Dijaci David de Oliveira: Quando a polícia vai para as ruas, para onde ela vai? Para a periferia. Quem vão prender? Jovens de periferia. Quando vão para os ambientes mais caros, quem eles param para revistar? Jovens negros e pobres. Já têm um padrão: usa boné, camiseta e bermudão, é suspeito. Outro dia, um policial me falou “Ah, professor, a maior parte das pessoas que prendemos com drogas são negros”. Claro, eles não param e revistam os brancos, logo não vão encontrar drogas com eles. Este é o problema, eles criaram um estereótipo das pessoas que usam e vendem drogas. Tem um filme recente, vencedor do Festival de Cinema de Brasília de 2014, que menciona uma prática policial racista, em que a polícia chegava em um ambiente e dizia “branco sai, preto fica”. Aliás, este é o título do filme, do diretor Adirley Queirós, um cineasta goiano atualmente radicado em Ceilândia, Brasília. 

Heloisa Dias Bezerra: Que formas de violência, além desta extrema, que é o homicídio, têm atingido os jovens pobres mais frequentemente?

Dijaci David de Oliveira: A agressão é uma forma de violência sistemática. Fala-se muito de briga entre torcidas organizadas, das gangues, mas a agressão não vem somente dos grupos organizados. O jovem sofre violência porque não tem respaldo social, então sofre com violências que vêm de todos os lugares, do ambiente familiar, da vizinhança, do mercado de trabalho. Se a gente tomasse os dados de agressão, teríamos números extraordinários, mas estes números não aparecem, a maior parte não figura como boletim de ocorrência e a agressão é percebida como algo menos importante. O que é a agressão? Nada. É como no desaparecimento de pessoas, em que a polícia simplesmente diz que é insignificante se não houve um sequestro, um roubo. Eu entrevistei delegados em Brasília e perguntei o motivo dessa indiferença. A resposta mais comum era de que todos os dias eles tinham dezenas de ocorrências – roubo de cargas, sequestro, assalto. Por que, então, ele perderia tempo com algo insignificante como um desaparecimento? Você acha que um delegado vai perder tempo com alguém que levou socos? Não vai. Essa violência de menor intensidade não é registrada, será esquecida, mas fará parte do repertório de socialização de quem apanhou. 

Heloisa Dias Bezerra: Não entra nas estatísticas.
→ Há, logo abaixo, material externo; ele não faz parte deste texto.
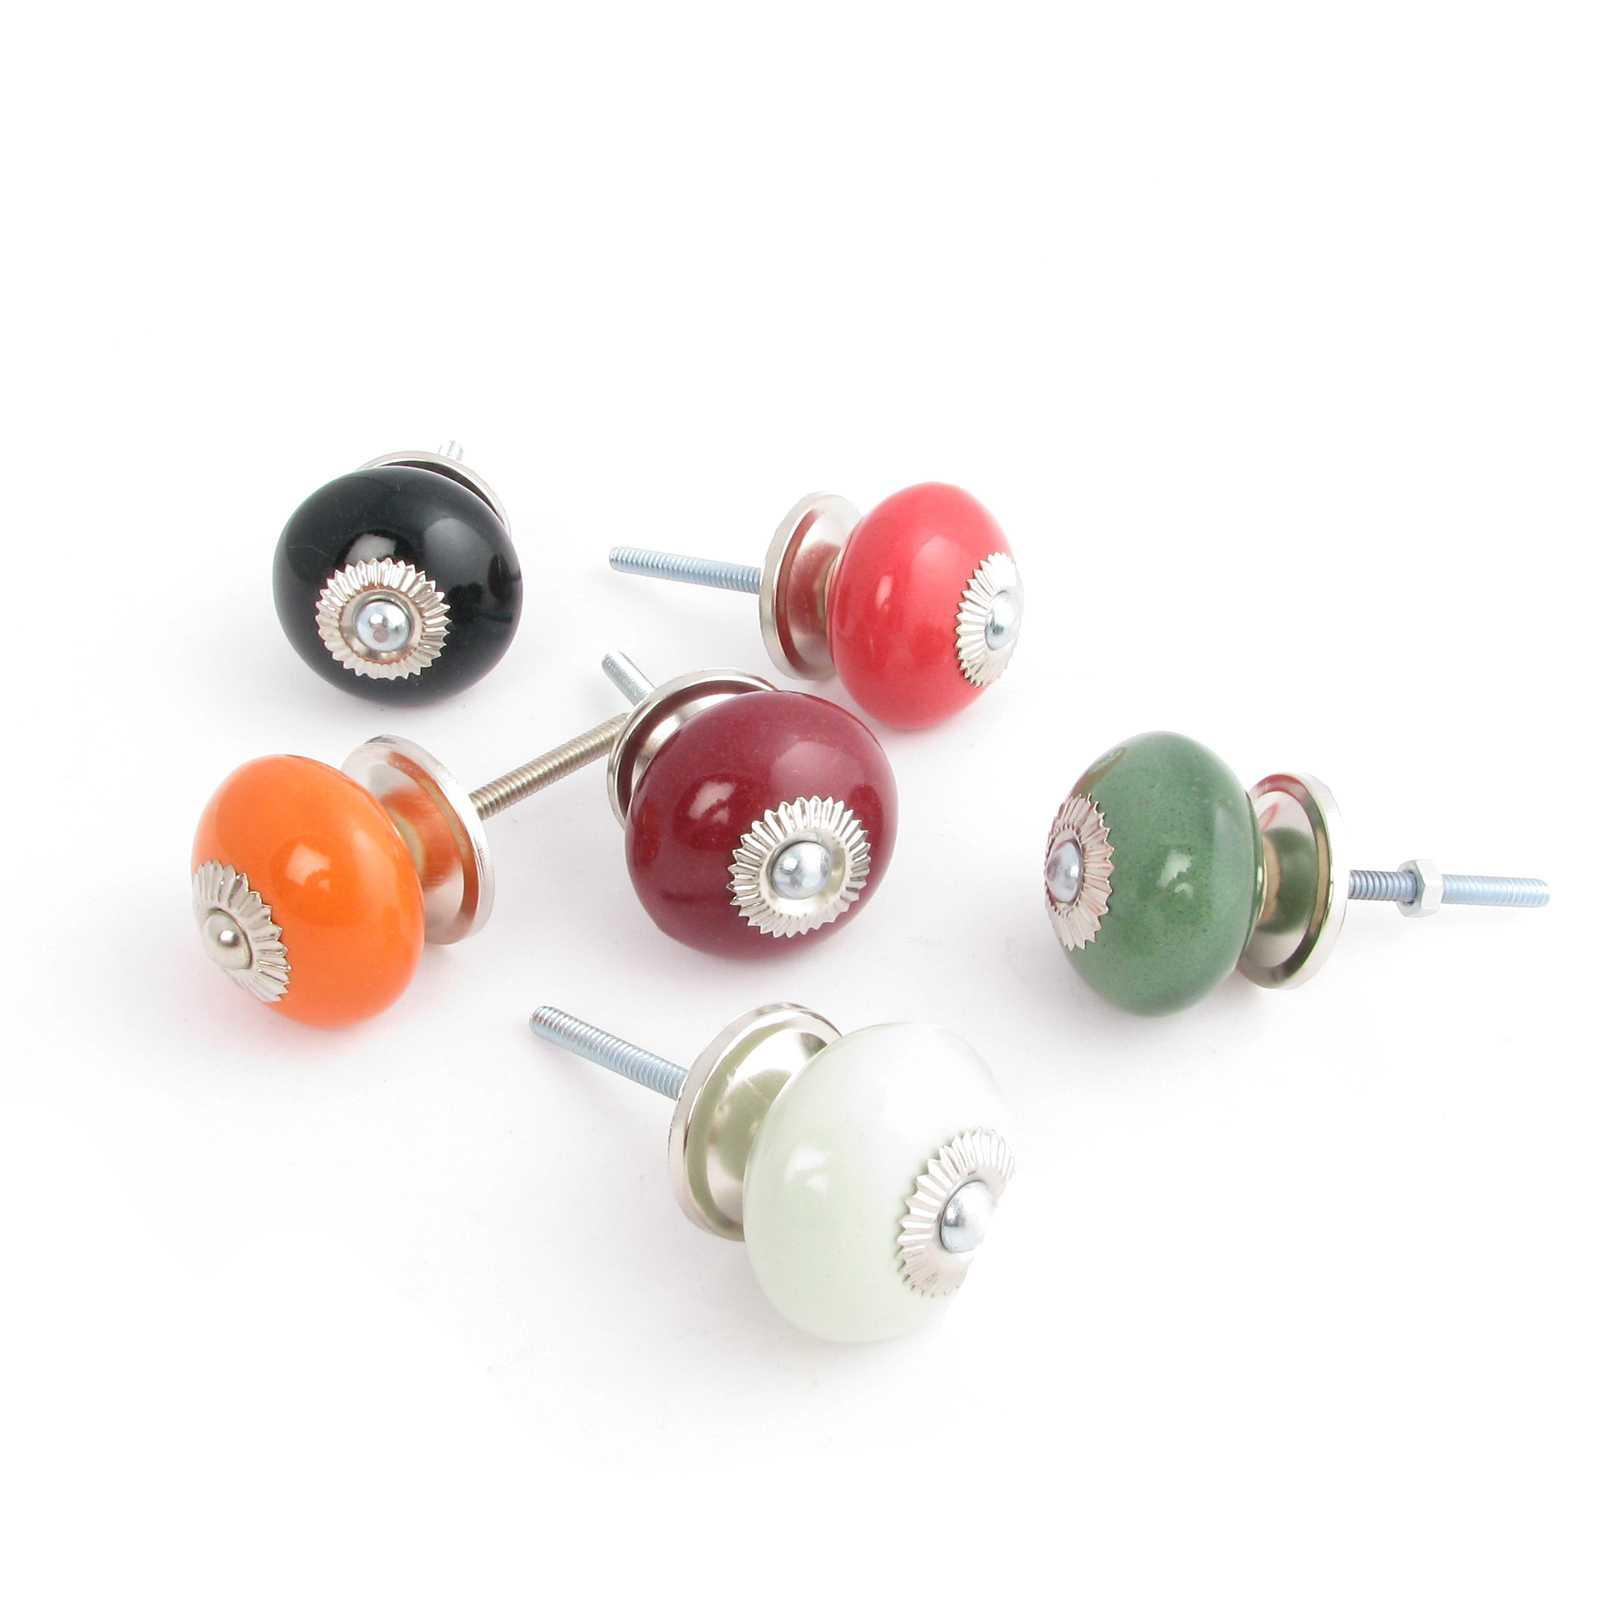 closet door knobs decorative photo - 12

Dijaci David de Oliveira: Elas vão ficar apenas na memória do indivíduo, nas práticas de socialização violentas. É o bullying. A lógica do bullying é mostrar inúmeras práticas dentro da escola que são permeadas por algum tipo de agressão mais ampla, como sexismo, homofobia, preconceito racial e de origem. Se é nordestino, negro, deficiente, não vale nada.

Heloisa Dias Bezerra: De que forma o tráfico de drogas se associa à violência contra jovens?
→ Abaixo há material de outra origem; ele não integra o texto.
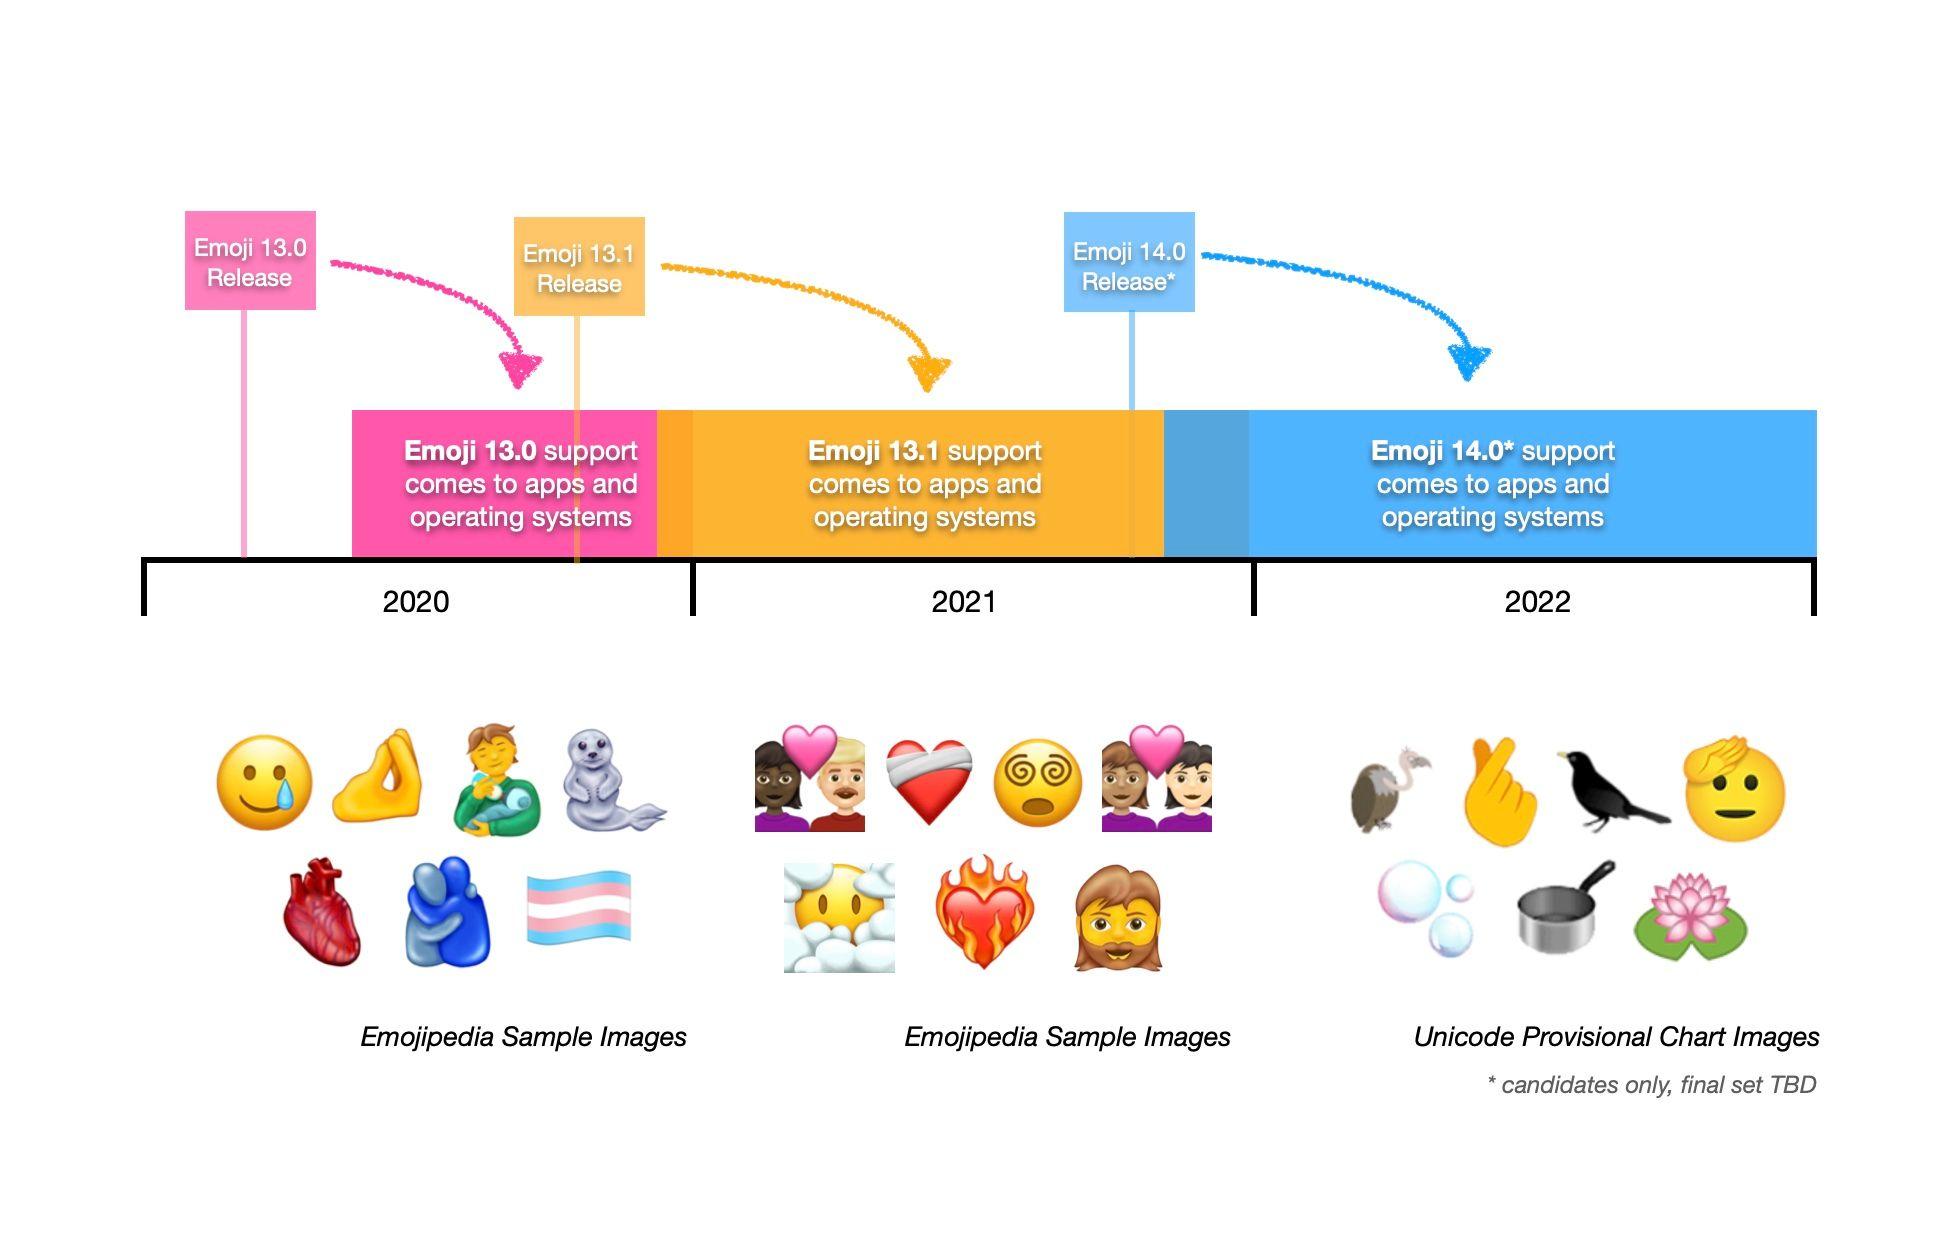 emoji roadmap 2021 2022 futures versions

Dijaci David de Oliveira: Em algumas regiões isso é mais tenso. No estado de Goiás, o tráfico de drogas é recente, diferente de outros lugares em que já aparece bem mais estruturado, como Rio de Janeiro, Espírito Santo, São Paulo. O que a gente sabe é que quando começa a haver uma renda que não vai ser encontrada dentro do mercado de trabalho formal, a prática da violência se torna mais complexa e resistente. Se a renda média é de R$ 1.800 a 2 mil, por que os indivíduos vão abrir mão desse emprego? Se o menino pode ganhar R$ 2 mil, por que ele vai abrir mão de uma renda que ele só teria com o ensino superior?

Heloisa Dias Bezerra: Então, o tráfico de drogas abre as portas do mercado de trabalho.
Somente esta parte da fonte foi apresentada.